Summary
holding that modification of previous support order and arrearage without giving HRS notice and opportunity to be heard, where HRS provides support to dependent children, constitutes reversible error
Summary of this case from State Dept. of Revenue v. PadgettOpinion
Case No. 95-03678.
Opinion filed February 7, 1997.
Appeal from the Circuit Court for Highlands County; R. Earl Collins, Judge.
Amanda Traweek and Charles L. Carlton of Carlton Carlton, P.A., Lakeland, for Appellant Christine Screws.
No appearance by Appellee William Screws.
Appellant, the Florida Department of Health and Rehabilitative Services (Department), appeals the trial court order reducing the amount of public assistance arrearages owed by appellee/father, William Screws, to the Department. We agree with the Department that they were at least entitled to sufficient notice and an opportunity to be heard before the court could consider modification of the amount appellee was required to pay in public assistance benefits. A court cannot modify a support decree, or any other decree, unless the issue of modification is presented in appropriate proceedings and each party is afforded an opportunity to be heard on the issue. See Cortina v. Cortina, 98 So.2d 334 (Fla. 1957); Manning v. Varges, 413 So.2d 116 (Fla. 2d DCA 1982); Smithwick v. Smithwick, 343 So.2d 945 (Fla. 3d DCA 1977). Appellee, in the instant case, never filed any pleading requesting relief or modification of the amount he was previously ordered to pay for public assistance reimbursement, and the Department never received any notice that the previous support order might be modified.

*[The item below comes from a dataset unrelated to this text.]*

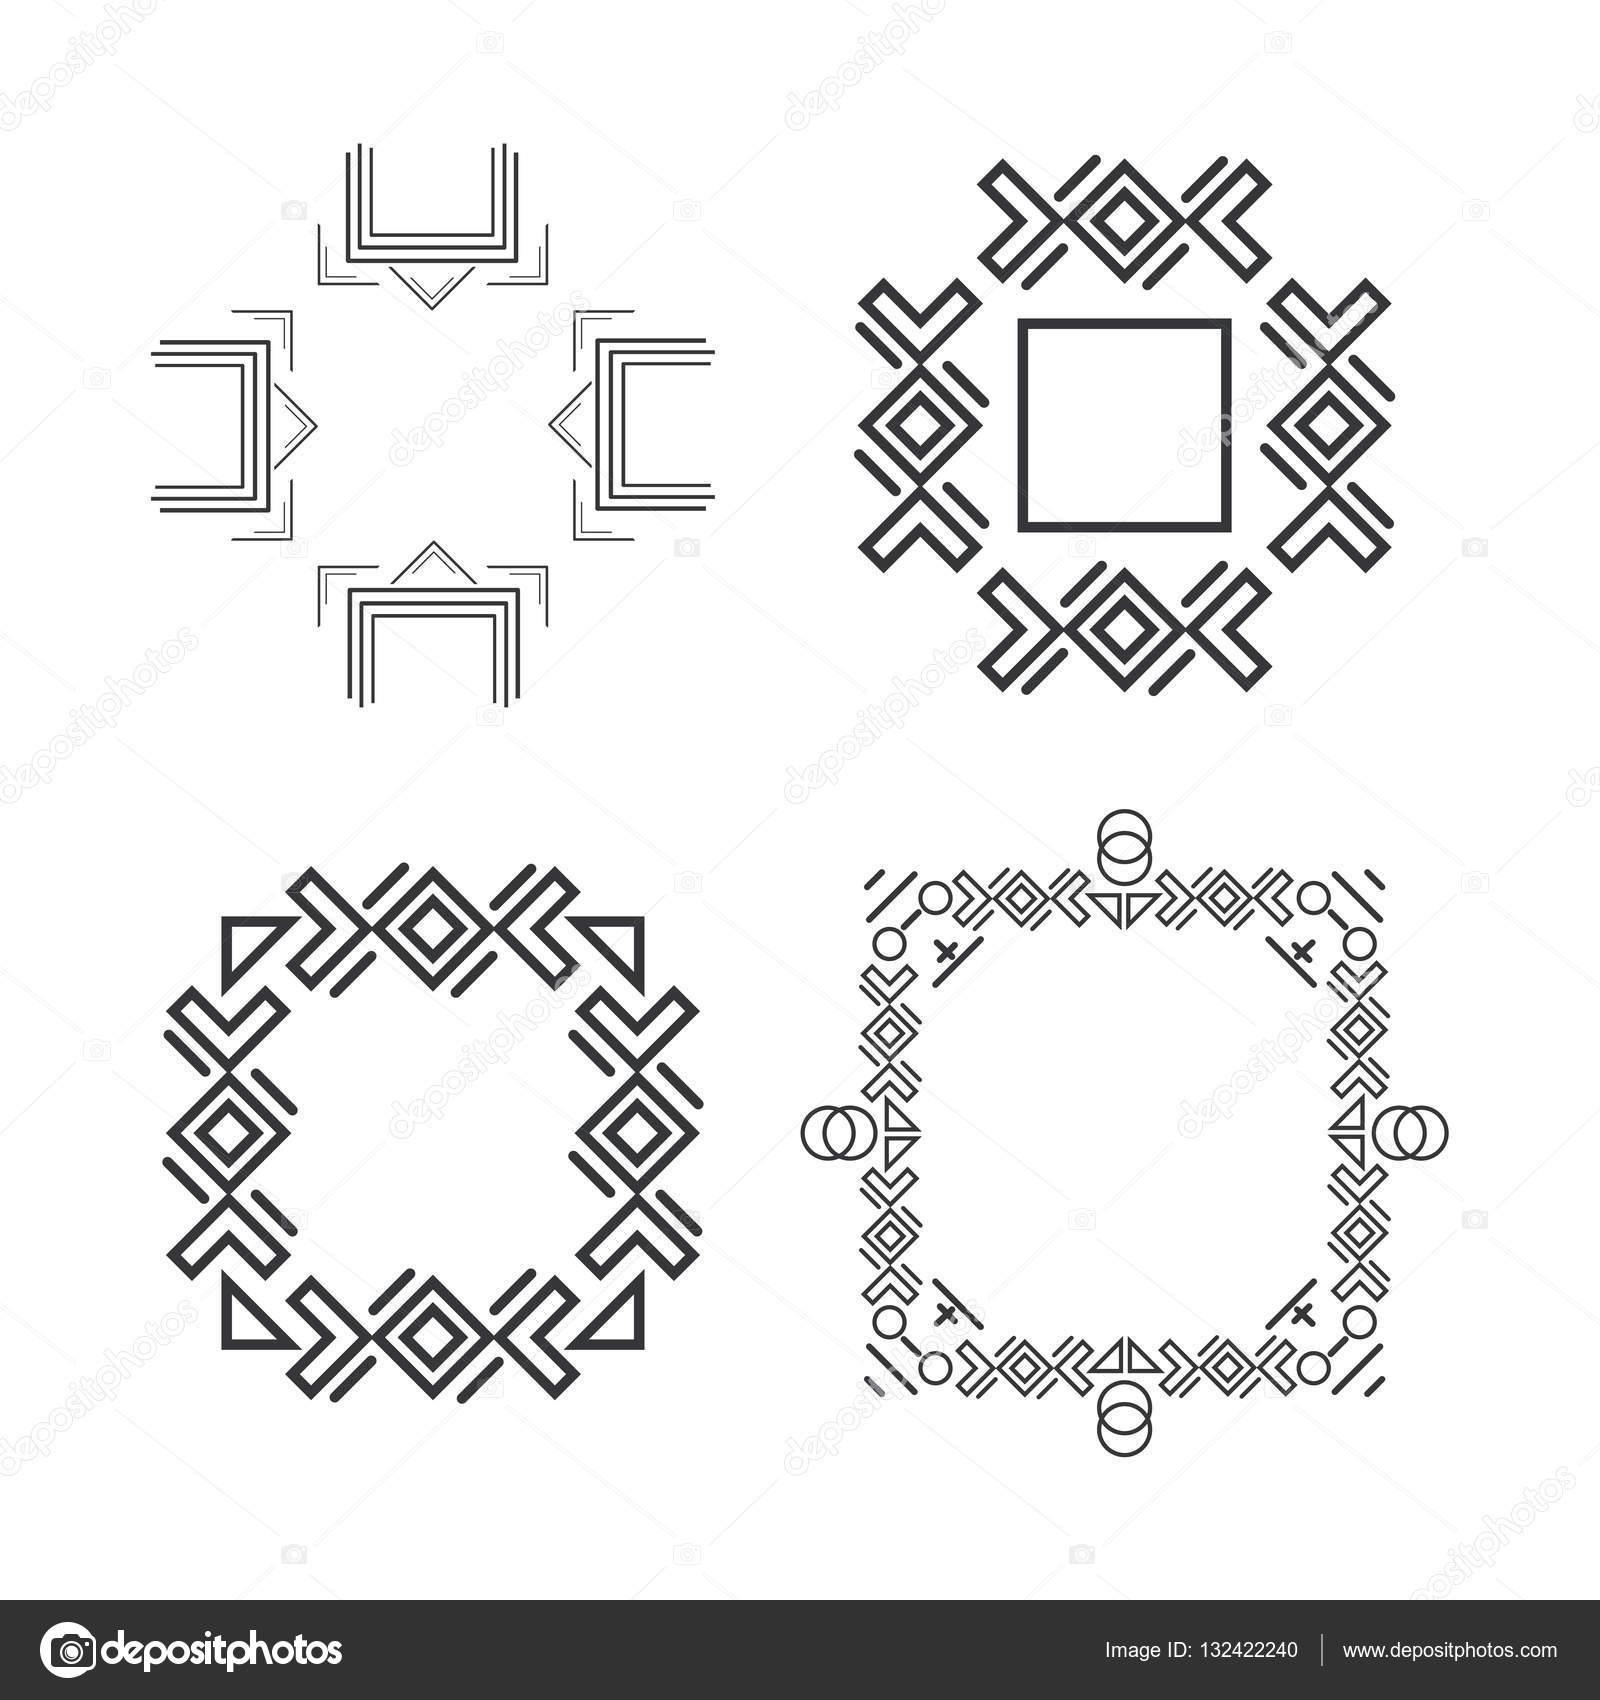 Set of trendy geometric shapes hipster frames collection stock set of trendy geometric shapes hipster frames collection stock vector jeuxipadfo Images

Moreover, by accepting public assistance from the Department for the support of dependent children, the Department acquires the authority to proceed with all remedies available to the child's custodian. See Lamm v. Chapman, 413 So.2d 749 (Fla. 1982); Parmer v. Parmer, 431 So.2d 257 (Fla. 2d DCA 1983).
The law is well established that the right to payments in the nature of child support arrears or alimony is vested and not subject to reduction absent compelling equities in the party obligated to make the payments. Filaretou v. Filaretou, 652 So.2d 952 (Fla. 2d DCA 1995); Guarino v. Guarino, 431 So.2d 189 (Fla. 2d DCA), pet. denied, 441 So.2d 632 (Fla. 1983).
Accordingly, we reverse the order reducing the arrearage amounts of public assistance benefits owed by appellee to the Department. In all other respects, the order is affirmed.
SCHOONOVER and PATTERSON, JJ., Concur.